Finnish and Japanese researchers have developed a new algorithmic approach to user interface optimization that takes individual differences into account. This approach could be beneficial for patients with Parkinson’s disease or other disabilities.
The research, “Ability-Based Optimization of Touchscreen Interactions,” was published in the journal IEEE Pervasive Computing.
Among the limitations presented by users with disabilities are essential tremors, characterized by involuntary and rhythmic shaking, most often when using the hands for simple tasks, dyslexia, which impairs the ability to read words of the interface, and dementia.
Strategies to overcome these limitations could involve increasing the size of user interface elements and grouping functions together, reducing the amount of text in the screen and making sure it is correct, creating designs that require as little previous knowledge as possible, and prioritizing frequent tasks.
“The majority of available user interfaces are targeted at average users. This ‘one size fits all’ thinking does not consider individual differences in abilities — the aging and disabled users have a lot of problems with daily technology use, and often these are very specific to their abilities and the circumstances,” Jussi Jokinen, one of the study’s co-authors, said in a press release.
Approaches to improve the user interface require an accurate model of the user, Jokinen observed. “Previously, designers did not have detailed models that are based on psychological research and can be used to predict how different individuals perform in interactive tasks,” he said.
The scientists developed a new model of interaction, which combines psychological research on finger pointing and eye movements to predict limitations in text entry speed, typing, and proofreading.
By simulating a user with essential tremors, the researchers predicted that using the common Qwerty keyboard is almost impossible, because more than half of all typed keys are typos. “We chose to simulate and optimize for essential tremor, because it makes text entry very difficult,” Jokinen said.
“We connected the text entry model to an optimizer, which iterates through thousands of different user interface designs. No real user could of course try out all these designs. For this reason it is important that we could automatize the evaluation with our computational model,” he added.

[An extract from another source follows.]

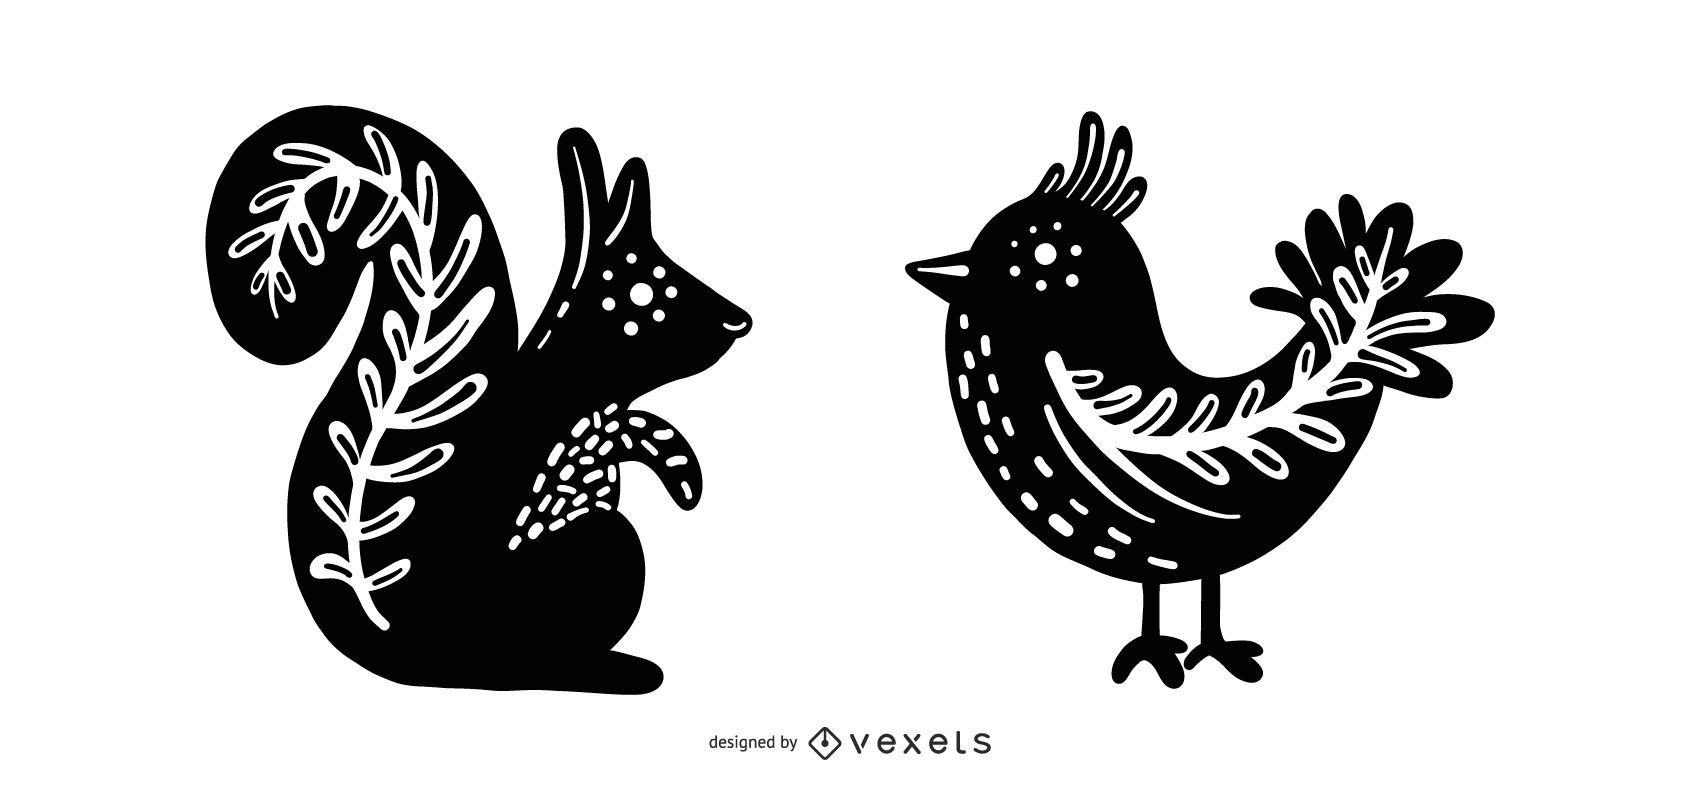 Scandinavian Folk Design Animal Silhouettes

This resulted in an interface predicted to be superior for individuals with essential tremors; the simulated user did not make any entry errors. The optimized layout was then tested with a person with essential tremors, who was able to type almost error-free messages.
“This is of course just a prototype interface, and not intended for consumer market,” Jokinen said. “I hope that designers pick up from here and with the help of our model and optimizer create individually targeted, polished interfaces.”
“While more empirical work is needed to evaluate the results, the first evidence acquired in this paper is promising,” the researchers wrote. Future work should test the design for dyslexics, they said.
Beyond the confirmed validity of the model in essential tremor and text entry, scientists also may use it for other disabilities and tasks. “For example, we have models for simulating how being a novice or an expert with an interface impacts users’ performance,” Jokinen said.
The effects of memory impairment in learning and everyday use of interfaces also may be addressed, he added.
“The important point is that no matter the ability or disability, there must be a psychologically valid theory behind modeling it. This makes the predictions of the model believable, and the optimization is targeted correctly,” Jokinen said.